Y repito la frase que dije antes, mira, cuando nosotros hablamos de la misericordia, casi siempre cometemos el error de relacionar la misericordia solamente con el aspecto corporal, es decir, vamos a ayudar dándole de comer al hambriento, de beber al sediento, hospedando al que no tiene techo. Y ahora se habla también, y está muy bien que se hable de eso, de otras obras de misericordia, como por ejemplo, facilitar las vacunas para aquellos que son más vulnerables, todo eso es verdad y todo eso es misericordia. Pero por favor, que no se nos olviden las obras de misericordia espirituales, como por ejemplo, dar buen consejo al que lo necesita, o también aquello de orar por los vivos y los difuntos, eso también es misericordia. Y ahí es donde descubrimos que no hay una verdadera distancia entre la verdad y la misericordia, porque dar la verdad, la verdad que muestra quién es Dios, cuál es el plan de Dios, cuánto te ha amado Dios, qué ha hecho Dios por ti. Esas son las verdades, esas son las verdades que estamos llamados a mostrar, que estamos llamados a enseñar, que estamos llamados a compartir.
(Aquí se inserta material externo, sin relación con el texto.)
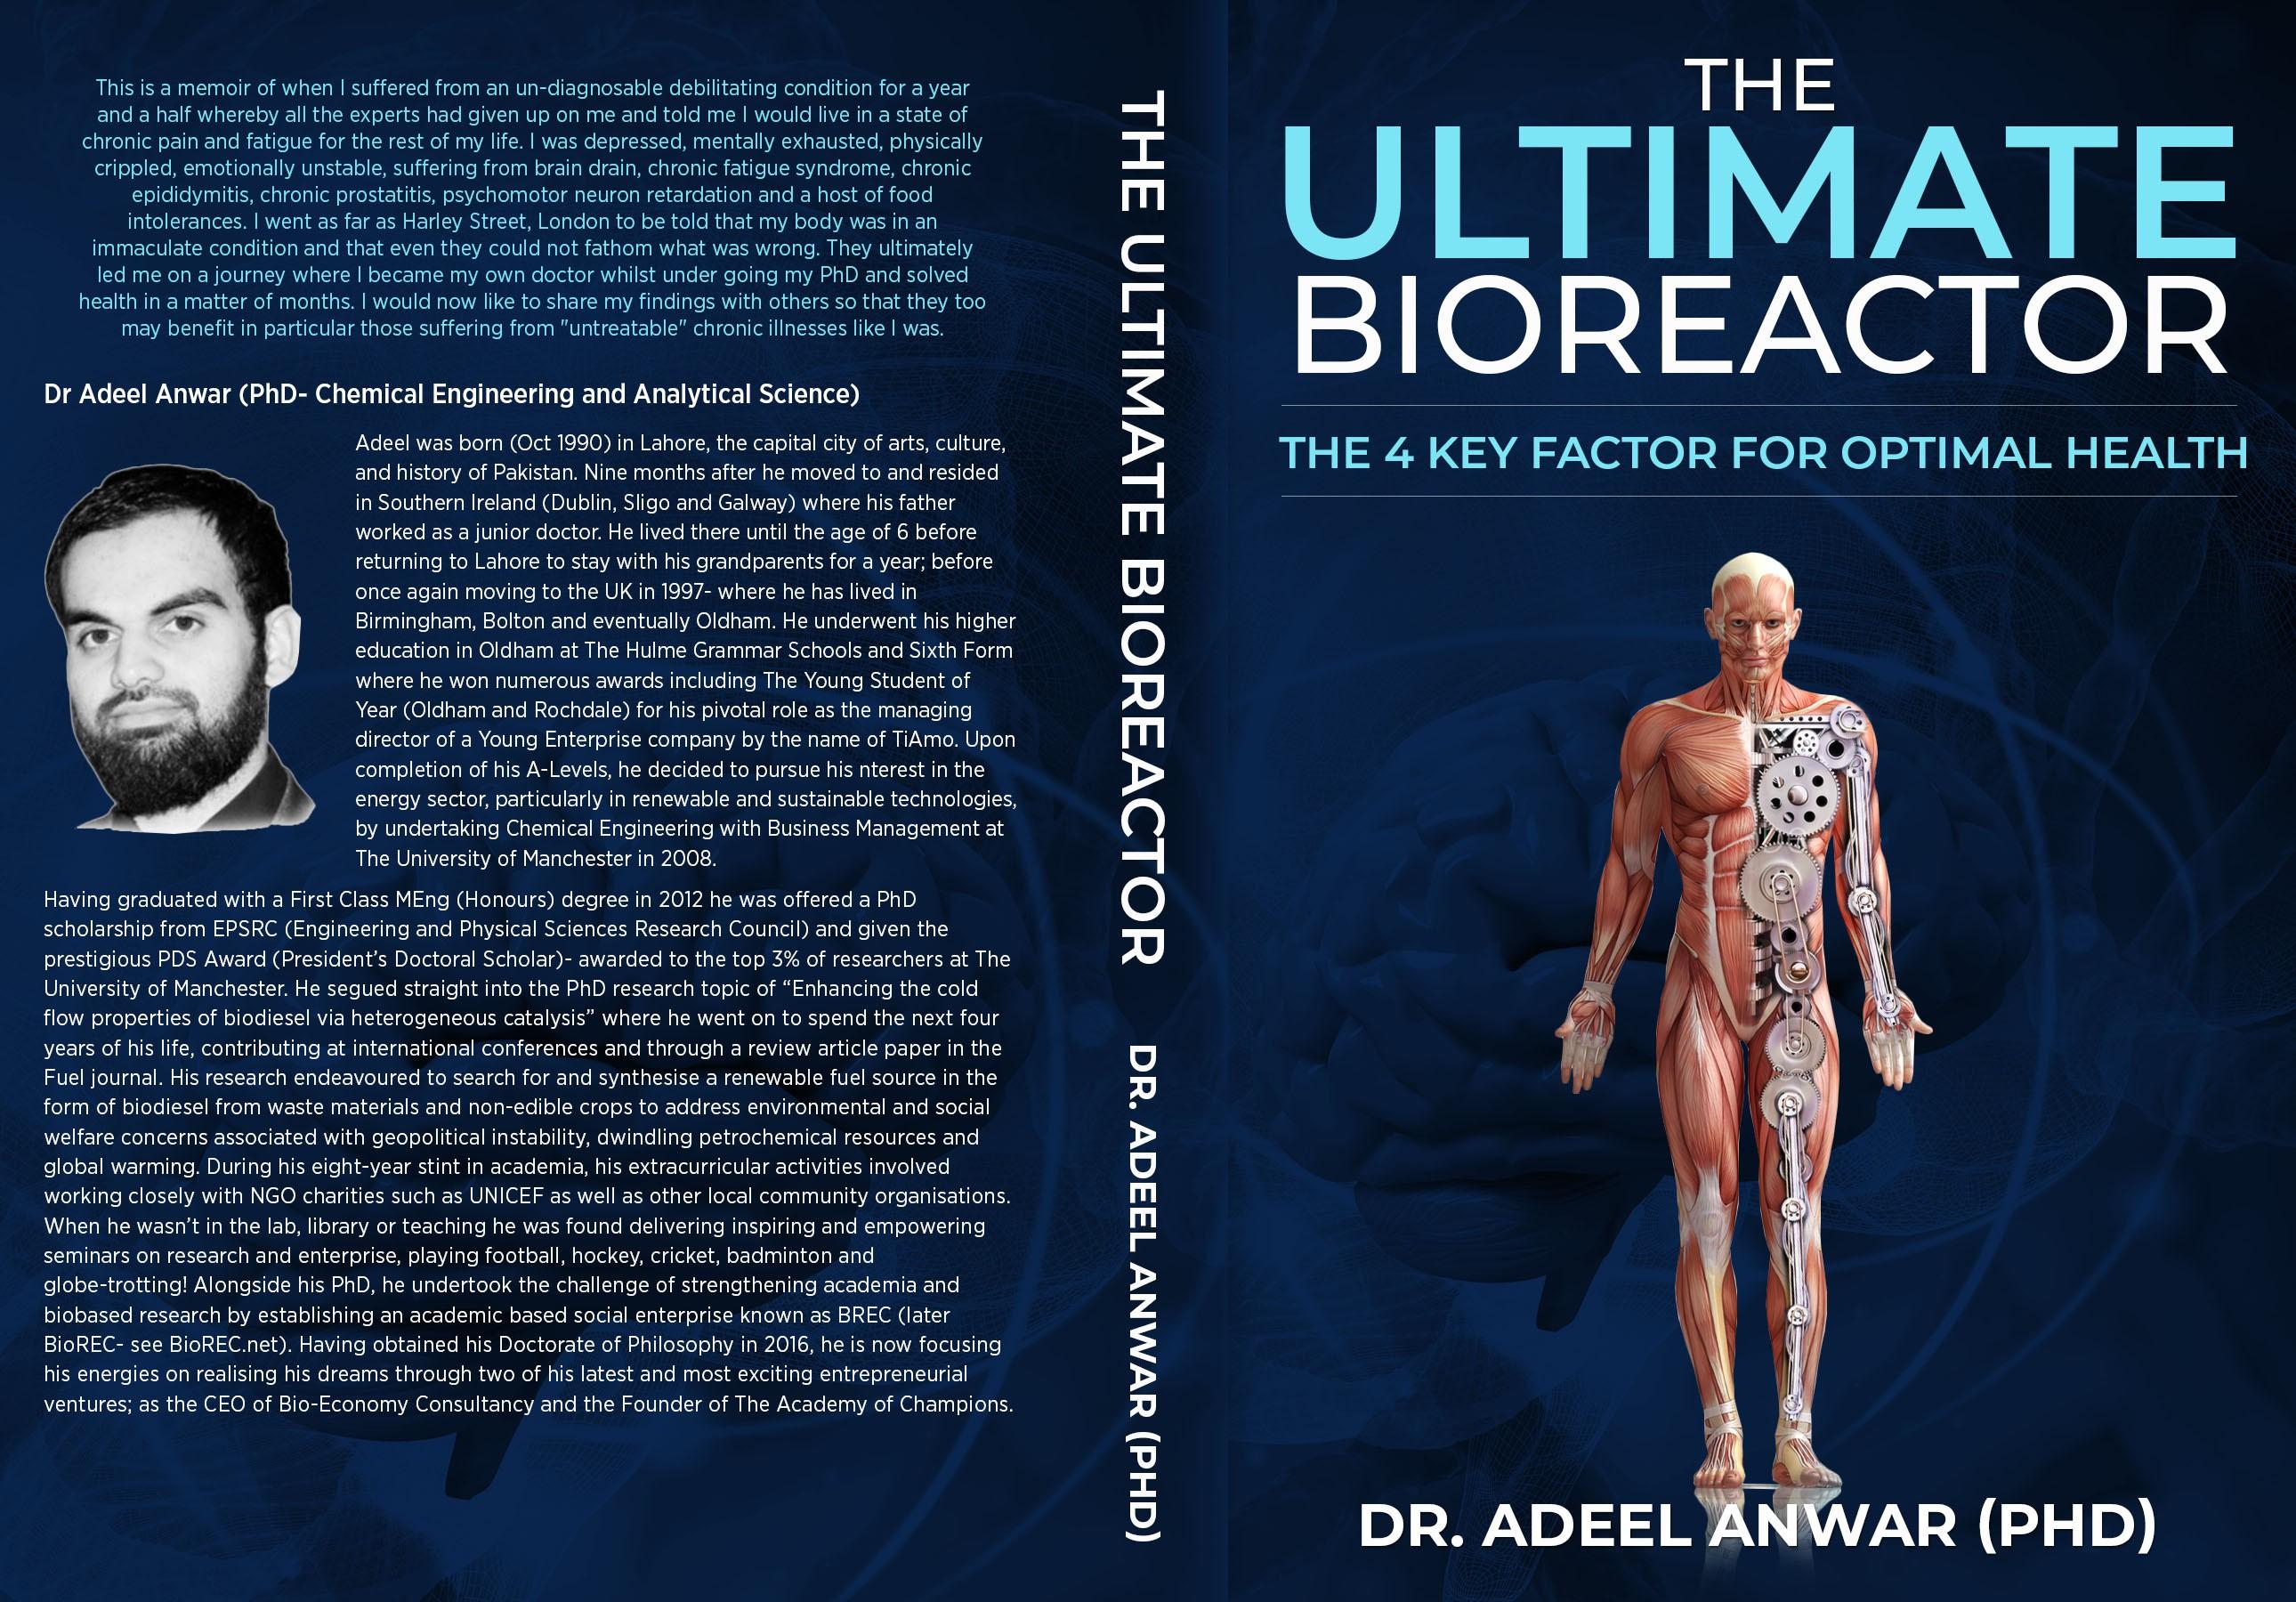 Create a memorable masterpiece for The Ultimate Bioreactor

Y en esas verdades hay una gran misericordia, sobre todo por estas dos razones. Mira, resulta que cuando nosotros hablamos del dar de comer, que está muy bien, repito, y que es una obra de misericordia, esa obra de misericordia dura un tiempo, dura un tiempo, y aunque tú alimentarás durante el resto de su vida a aquella persona, queda toda una eternidad. Por eso dice sabiamente San Agustín que en el cielo esas obras de misericordia cesan, ya no siguen, ya no más, ya no hay que alimentar a los hambrientos en el cielo. En cambio, si tú has compartido la verdad de Cristo, si tú has compartido la verdad del valor de la sangre de Cristo, si tú has compartido la posibilidad del perdón y de la acción del Espíritu con aquél que tiene cerca ese bien, ese bien durará hasta la eternidad, para siempre, para siempre, eso no se destruye nunca.

Resumen, dejemos de oponer doctrina y misericordia, y más bien descubramos que el que sabe enseñar bien, el que sabe compartir, el que de verdad comparte la verdad de Dios, hace una tremenda obra de misericordia, una obra que no morirá nunca, nunca, que siempre estará ahí. Es importante la misericordia corporal, pero no nos olvidemos de la gran misericordia que está en la luz de la verdad y en el anuncio de la salvación.